Steps/Code to Reproduce
from sklearn.svm import LinearSVC
from sklearn.ensemble import BaggingClassifier
base_estimator = LinearSVC(random_state=42, tol=1e-6)
n_estimators = 10
max_samples = 1.0 / n_estimators
clf = BaggingClassifier(base_estimator, n_estimators=n_estimators,
n_jobs=10, max_samples=max_samples)
clf.fit(X_trn, y_trn)
Expected Results
I expected it to train about 10 times faster
Actual Results
Trains for the same amount of time as its base estimator LinearSVC().

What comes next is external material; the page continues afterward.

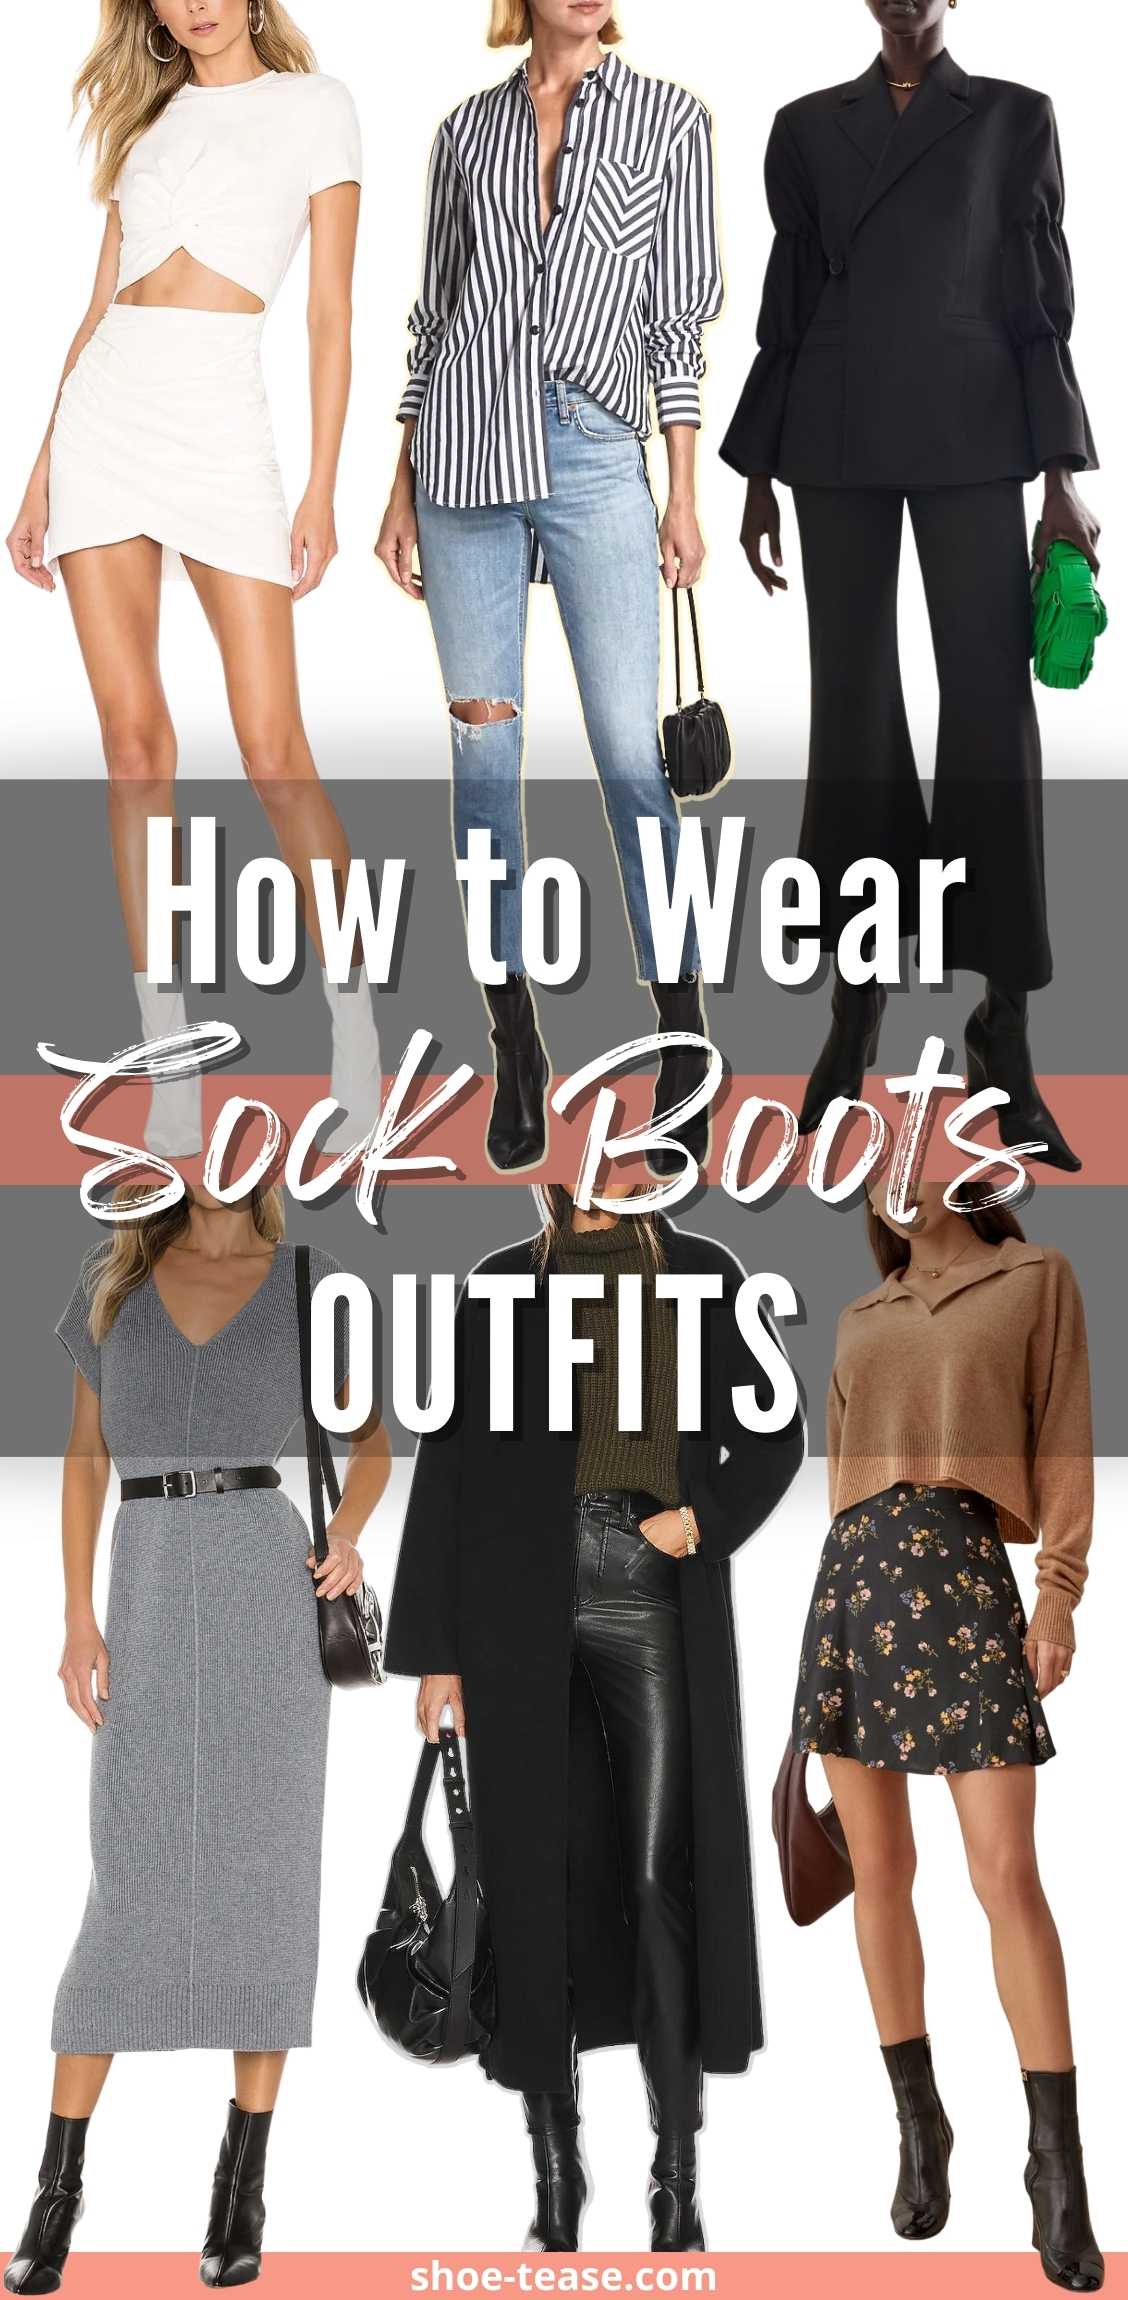 How to Wear Sock Boots Outfits - 25 Sock Bootie Outfit Ideas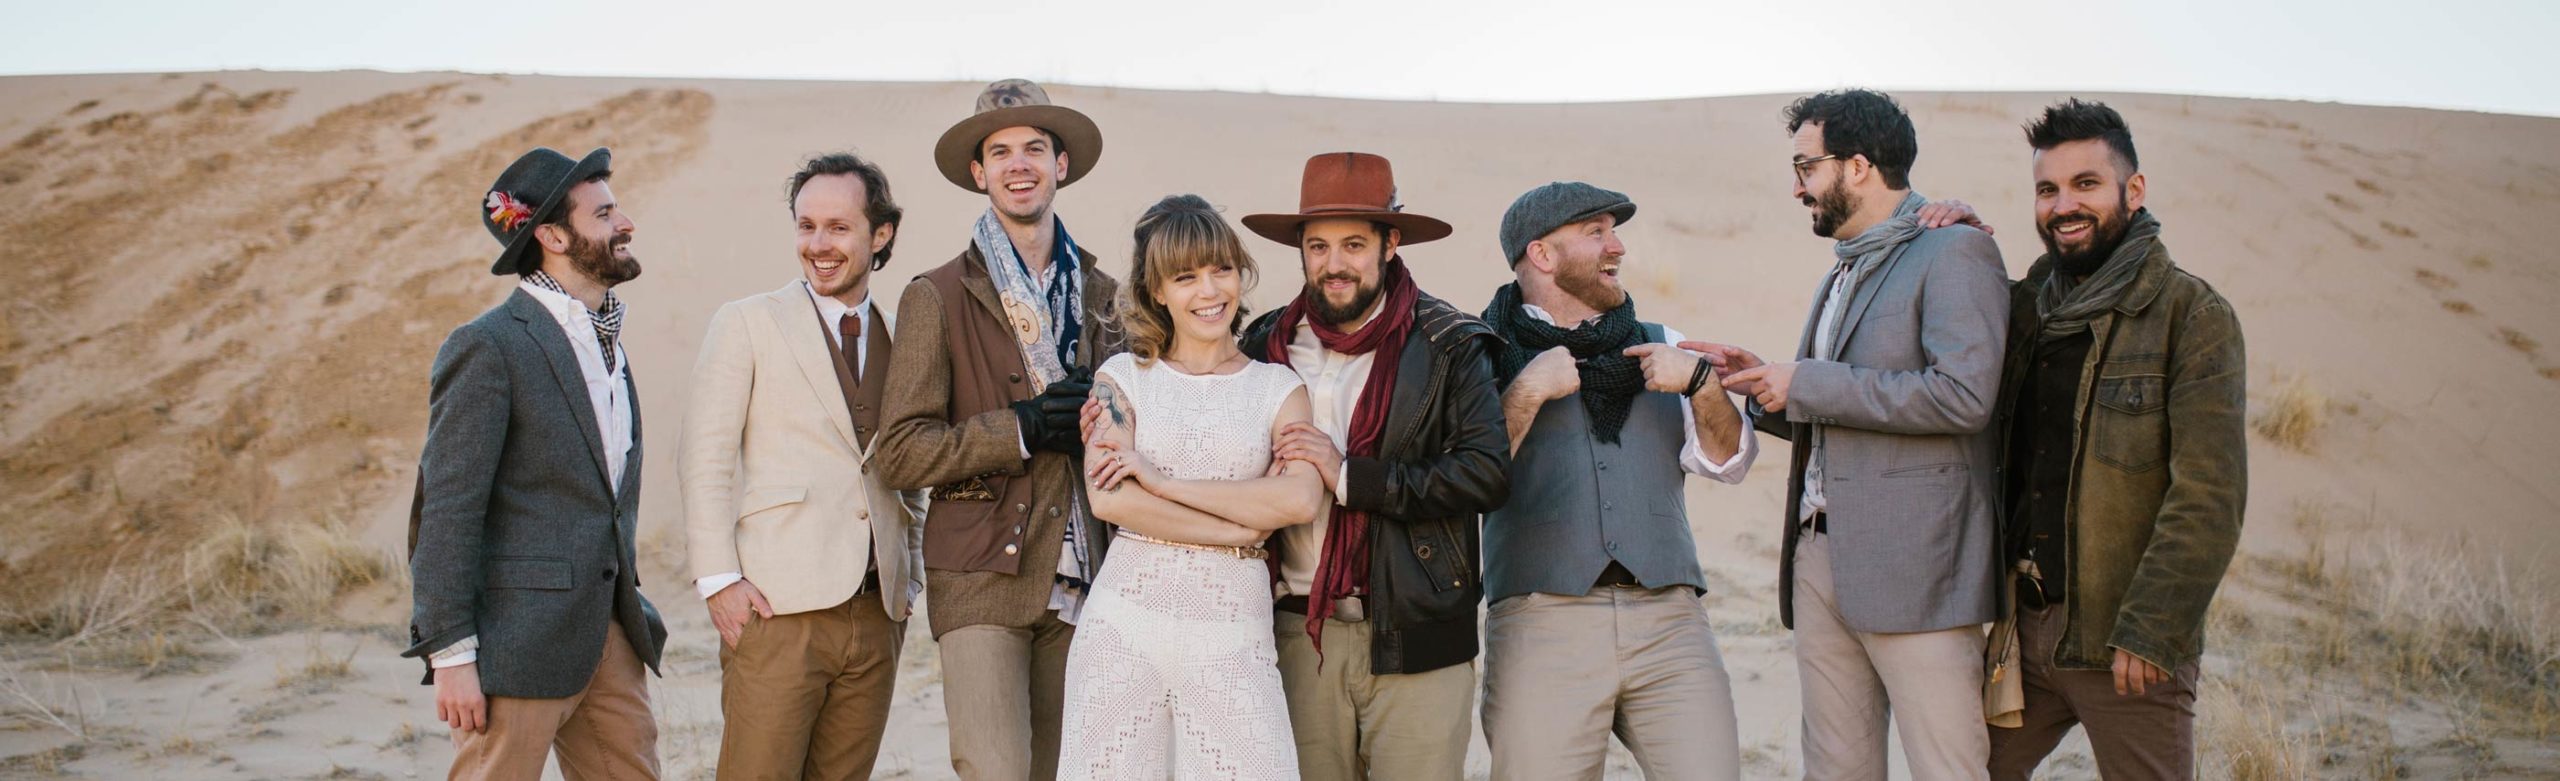 Americana Soul Fusion: Dustbowl Revival to Bring Their Special Brand of Joyous Folk Music Back to Missoula Image

Produces exactly the same accuracy as LinearSVC(), which is also strange.
When I monkey-patched base estimator's fit() method:
# Pretend that base_estimator.fit() doesn't support "sample_weight"
def fit_no_sample_weight(estimator, X, y):
return estimator._original_fit(X, y)
base_estimator._original_fit = base_estimator.fit
base_estimator.fit = fit_no_sample_weight.__get__(base_estimator, LinearSVC)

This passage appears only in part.